_What you are asked to do_
Given the entries that follow, write out exactly the lines starting at the one containing "Buy Sonoma II" and ending at the one containing "ENRIC: Hello, my", both ends included, and only those.

[Source data]
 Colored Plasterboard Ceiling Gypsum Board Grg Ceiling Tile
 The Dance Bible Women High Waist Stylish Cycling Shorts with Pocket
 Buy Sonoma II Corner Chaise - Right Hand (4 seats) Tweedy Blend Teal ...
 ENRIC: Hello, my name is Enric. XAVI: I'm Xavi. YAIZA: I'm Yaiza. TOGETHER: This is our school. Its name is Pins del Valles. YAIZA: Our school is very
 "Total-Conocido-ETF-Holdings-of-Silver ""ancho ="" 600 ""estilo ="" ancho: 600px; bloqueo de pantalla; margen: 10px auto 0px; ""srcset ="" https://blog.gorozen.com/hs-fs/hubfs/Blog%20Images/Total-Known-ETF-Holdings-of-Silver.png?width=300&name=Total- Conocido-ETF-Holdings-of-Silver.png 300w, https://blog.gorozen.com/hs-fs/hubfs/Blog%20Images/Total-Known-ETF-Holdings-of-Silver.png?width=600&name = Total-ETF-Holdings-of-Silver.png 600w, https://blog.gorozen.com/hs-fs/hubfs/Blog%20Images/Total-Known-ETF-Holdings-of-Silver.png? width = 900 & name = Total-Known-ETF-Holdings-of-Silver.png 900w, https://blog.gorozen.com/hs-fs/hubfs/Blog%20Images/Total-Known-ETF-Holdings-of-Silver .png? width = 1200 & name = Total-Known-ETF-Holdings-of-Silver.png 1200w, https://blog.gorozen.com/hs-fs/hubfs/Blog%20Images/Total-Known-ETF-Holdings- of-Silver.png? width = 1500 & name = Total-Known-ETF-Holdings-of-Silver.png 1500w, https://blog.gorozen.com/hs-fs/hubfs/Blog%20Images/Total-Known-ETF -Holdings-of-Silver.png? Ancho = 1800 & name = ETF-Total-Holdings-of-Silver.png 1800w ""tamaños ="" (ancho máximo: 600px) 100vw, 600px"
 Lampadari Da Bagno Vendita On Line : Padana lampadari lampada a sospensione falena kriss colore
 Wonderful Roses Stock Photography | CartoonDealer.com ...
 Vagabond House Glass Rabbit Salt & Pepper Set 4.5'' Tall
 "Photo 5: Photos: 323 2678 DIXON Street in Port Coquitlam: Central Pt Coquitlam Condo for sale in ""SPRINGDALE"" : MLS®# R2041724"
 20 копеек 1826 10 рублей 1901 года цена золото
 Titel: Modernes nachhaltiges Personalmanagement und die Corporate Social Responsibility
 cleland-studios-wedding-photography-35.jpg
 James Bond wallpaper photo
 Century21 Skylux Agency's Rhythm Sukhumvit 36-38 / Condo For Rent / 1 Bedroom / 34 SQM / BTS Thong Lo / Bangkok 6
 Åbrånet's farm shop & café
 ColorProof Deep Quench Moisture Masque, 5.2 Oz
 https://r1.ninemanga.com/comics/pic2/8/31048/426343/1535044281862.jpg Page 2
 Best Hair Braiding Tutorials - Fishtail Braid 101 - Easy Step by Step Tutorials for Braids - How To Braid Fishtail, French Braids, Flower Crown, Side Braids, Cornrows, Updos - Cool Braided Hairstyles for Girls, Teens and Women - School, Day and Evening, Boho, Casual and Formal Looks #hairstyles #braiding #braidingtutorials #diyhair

_Response_
 Buy Sonoma II Corner Chaise - Right Hand (4 seats) Tweedy Blend Teal ...
 ENRIC: Hello, my name is Enric. XAVI: I'm Xavi. YAIZA: I'm Yaiza. TOGETHER: This is our school. Its name is Pins del Valles. YAIZA: Our school is very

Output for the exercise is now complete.